Data Modeling
The MongoDB data connector makes available any database resource that is listed in its configuration. In order to
populate the configuration, the connector supports introspecting the database via the CLI update
command.
Queryable collections
The MongoDB data connector supports several types of queryable collections:
- Collections
- Views
- Native Queries
Collections and views are typically discovered automatically during the introspection process.
Native queries on the other hand are custom aggregation pipelines that you specify in the data connector configuration.
These are queries run using the MongoDB aggregate
command which makes them similar to views, except that you may
configure parameters that are interpolated into the pipeline at query time (similar to a function), and they do not
require any DDL permissions on the database. See the configuration reference on
Native Queries.
Scalar types
The MongoDB data connector supports nearly all of scalar types that the MongoDB database does. In addition the MongoDB
data connector provides an additional scalar type, extendedJSON
which acts like an "any" type.
MongoDB's scalar types are listed in MongoDB's BSON Types documentation. The MongoDB data connector configuration uses "alias" names for each type which are camel-cased with a lower-case initial letter. The same names are used in the connector's NDC schema.
In order to use standard GraphQL scalar types rather than custom scalar types in the resulting GraphQL schema, the DDN configuration enables expressing a mapping between data connector types and GraphQL types.
The data connector does not support the dbPointer
BSON type which is deprecated in MongoDB. Other deprecated types,
symbol
and undefined
, are supported for the time being.
extendedJSON
may represent any MongoDB value including scalars, objects, arrays, or null. The automatically-generated
schema in your MongoDB data connector configuration may include fields with the extendedJSON
type in cases where the
introspection system is unable to infer a specific type. The name is based on the serialization format used: unlike
other values, values with the extendedJSON
type are serialized in the
MongoDB Extended JSON format.
Structural types
The data connector supports MongoDB array and object types, and they will appear as such in the schema it exposes. Since MongoDB is a document store that is intended to store arbitrarily complex data structures, the MongoDB data connector is designed to support the same.
As mentioned previously, although extendedJSON
is presented as a scalar type from the perspective of GraphQL it may
represent arbitrary structural data encoded using the MongoDB Extended JSON format.
Schema Introspection
The CLI is capable of automatically creating a configuration for the MongoDB data connector which includes a schema for
your database. Because MongoDB databases do not have an internal schema, the connector schema is produced by randomly
sampling database documents. By default it samples 100 documents - you may get more accurate results by increasing this
number which you can do by editing the sampleSize
option in configuration.json
.
During sampling types of values found are compared between documents. This includes top-level fields, but also nested object fields, and array elements. For a field path where the same type of value is found in every document the schema sets that type. If a value at that path is missing in some documents a nullable type is assumed.

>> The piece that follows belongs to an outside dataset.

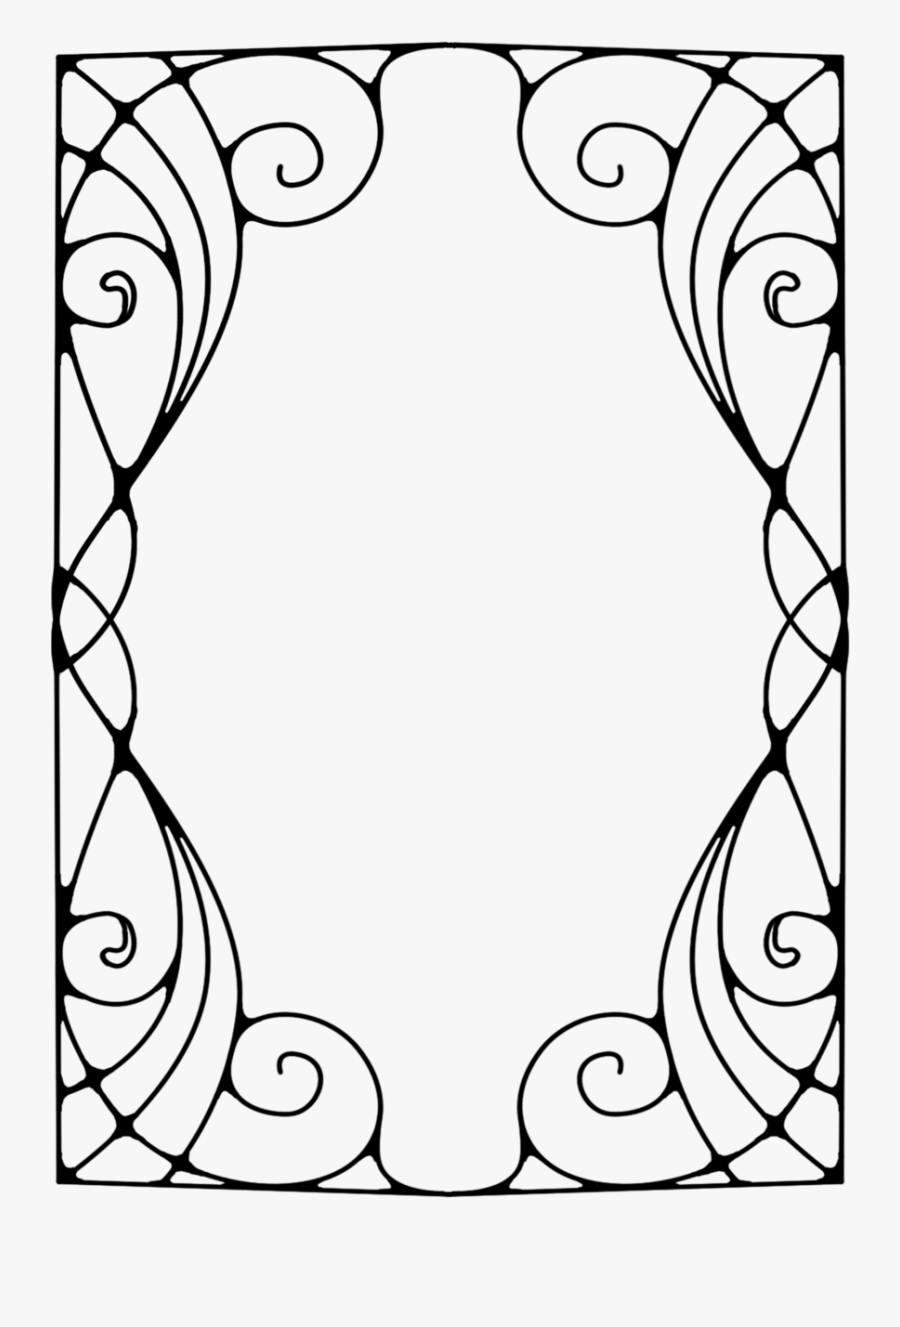 525 Nouveau Frame 12 By Tigers-stock On Clipart Library - Art Nouveau Frames Png, Transparent Clipart

In general automatic schema introspection when encountering arrays or objects will accurately reflect the complex
structure seen in the database. These types will in turn map to complex GraphQL types. The introspection system falls
back to the extendedJSON
when encountering fields with the same name and path in multiple objects that contain
incompatible types. For example given a collection with these documents:
{ _id: { $oid: "66cf91a0ec1dfb55954378bd" }, value: 1, created: "2024-02-20" }
{ _id: { $oid: "66cf9230ec1dfb55954378be" }, value: 2, created: { $date: "2024-07-03" }, updated: { $date: "2024-10-25" }}
{ _id: { $oid: "66cf9274ec1dfb55954378bf" }, value: 3, created: { $date: "2024-07-03" } }
(Note that when inputting data to MongoDB { $oid: ... }
is interpreted as an objectId
value, and { $date: ... }
is
interpreted as a date
value.)
The CLI infers these schema types:
_id
:objectId
value
:int
created
:extendedJSON
updated
: nullabledate
Because updated
appears in one document, but not in all of them, it gets a nullable type.
Because created
has type string
in one document, but has type date
in the others, it gets the extendendJSON
type
which is the only type that can represent both string
and date
.
The connector assumes subtyping to a limited extent: it treats int
as a subtype of double
. In cases where different
documents use both numeric types with the same field name an automatically-generated connector schema will supply the
double
type.
Queries
The connector supports all query operations; see the query documentation for details.
Mutations
We currently support mutations in the form of Native Mutations. These are arbitrary MongoDB database commands that you write into the data connector configuration.